As the Huffington Post (and AP) is reporting, Freddie Mac, which along with Fannie Mae provides the largest portion of the secondary market for home mortgage loans expects that it will be hit with additional huge losses. I agree with Freddie's chairman that it will get worse before things begin to improve. As discussed yesterday, the Chimperator's rescue plan is too little too late and will do little to stop the red ink and distress to families losing their homes. Here are some highlights:
WASHINGTON — The chief executive of Freddie Mac estimated Tuesday the mortgage finance company will lose an additional $5.5 billion to $7.5 billion over the next few years as the housing crisis worsens and home-loan defaults rise. The government-sponsored company has already logged about $4.5 billion in projected losses during the first nine months of this year. "I honestly think it's going to get tougher before it gets better," Richard Syron, the company's chairman and CEO, said in a discussion with financial analysts in New York.
Freddie lost $2 billion in the third quarter, and Syron said Tuesday that results aren't expected to be any better in the October-December quarter. Fannie's third-quarter loss was $1.4 billion.
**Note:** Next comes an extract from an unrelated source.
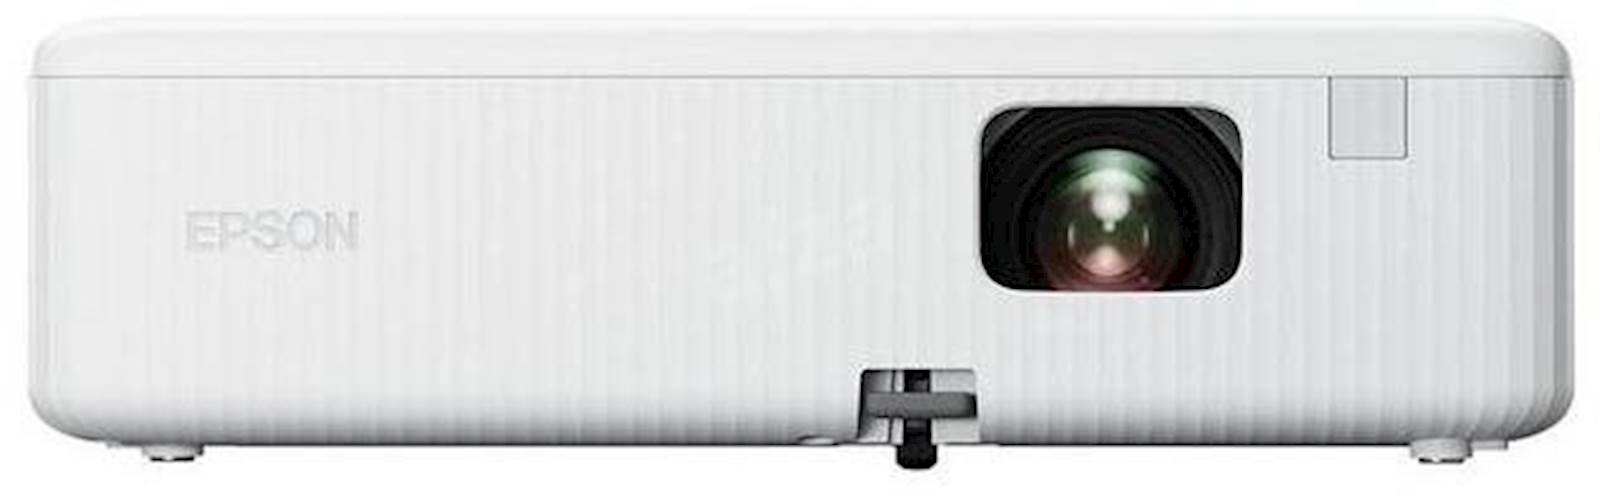 Projektor Epson Co-Fh01 Full HD

While the mortgage crisis has brought a rising wave of foreclosure notices into public view, less evident have been "pictures of people standing with furniture on the lawn" after being forcibly evicted from their homes, Syron said. "As that begins to happen, and it will happen, I am afraid of the impact that this has." Syron's remarks came a day after Freddie Mac and its larger government-sponsored rival Fannie Mae said they are changing their criteria for purchasing delinquent home loans they've guaranteed, in order to reduce the number they buy from investors.
Fannie and Freddie, which together own or guarantee around two-fifths of U.S. home-mortgage debt, have cut their dividends and sold billions of dollars of special stock recently to buttress their finances after posting stunning third-quarter losses. They have been forced to set aside billions of extra dollars to account for bad home loans, eroding their profits at a time when home prices are falling and defaults are spiking on high-risk mortgages made to borrowers with weak credit histories.
Meanwhile the news at Washington Mutual Savings and Loan is not much better even though the Chimperator and most of the GOP presidential candidates act as if the economy is great (how do we say delusional?) (http://www.huffingtonpost.com/huff-wires/20071210/washington-mutual/):
SEATTLE — Washington Mutual Inc., the nation's largest savings and loan, said Monday that problems in the mortgage and credit markets are forcing it to close offices, lay off more than 3,000 workers and set aside up to $1.6 billion for loan losses in the fourth quarter.
After dismantling much of its subprime mortgage operation in September, Seattle-based WaMu will now get out of the business entirely. The company said it will close about 190 of its 335 home loan centers and sales offices, shut down nine call centers and eliminate 2,600 home loan workers and 550 corporate and support jobs.
It had already cut 1,000 jobs related to the sale of home loans to people with questionable credit. The company also said it will shutter WaMu Capital Corp. and rely on third party broker-dealers to sell mortgage-backed securities. On top of that, WaMu now expects to set aside between $1.5 billion and $1.6 billion for loan losses in the fourth quarter, from the $1.1 billion to $1.3 billion predicted by executives in early November. For the first quarter of 2008, the company said it expects loan losses to total $1.8 billion to $2 billion. Loan losses will remain high throughout the year, WaMu added.
Apparently the public understands better than the Chimperator the nature of what's happening in the economy (http://politicalticker.blogs.cnn.com/2007/12/11/poll-over-half-believe-economy-is-in-recession/). I hope the Democrats will open their eyes and take notice:
WASHINGTON (CNN) – More than half the American public — 57 percent — now believe the nation is in a recession, compared to 42 percent who do not, according to new CNN/Opinion Research Corporation poll released Tuesday. (Full poll results [PDF])
Thanks to that unease, the economy has now topped the war in Iraq as the issue most poll respondents identified as the most important in helping them decide which presidential candidate to support. Twenty-nine percent of poll respondents said the economy was their top issue, compared with 23 percent who listed the Iraq war – a reversal from October’s results, when 28 percent listed the war and 22 percent pointed to the economy.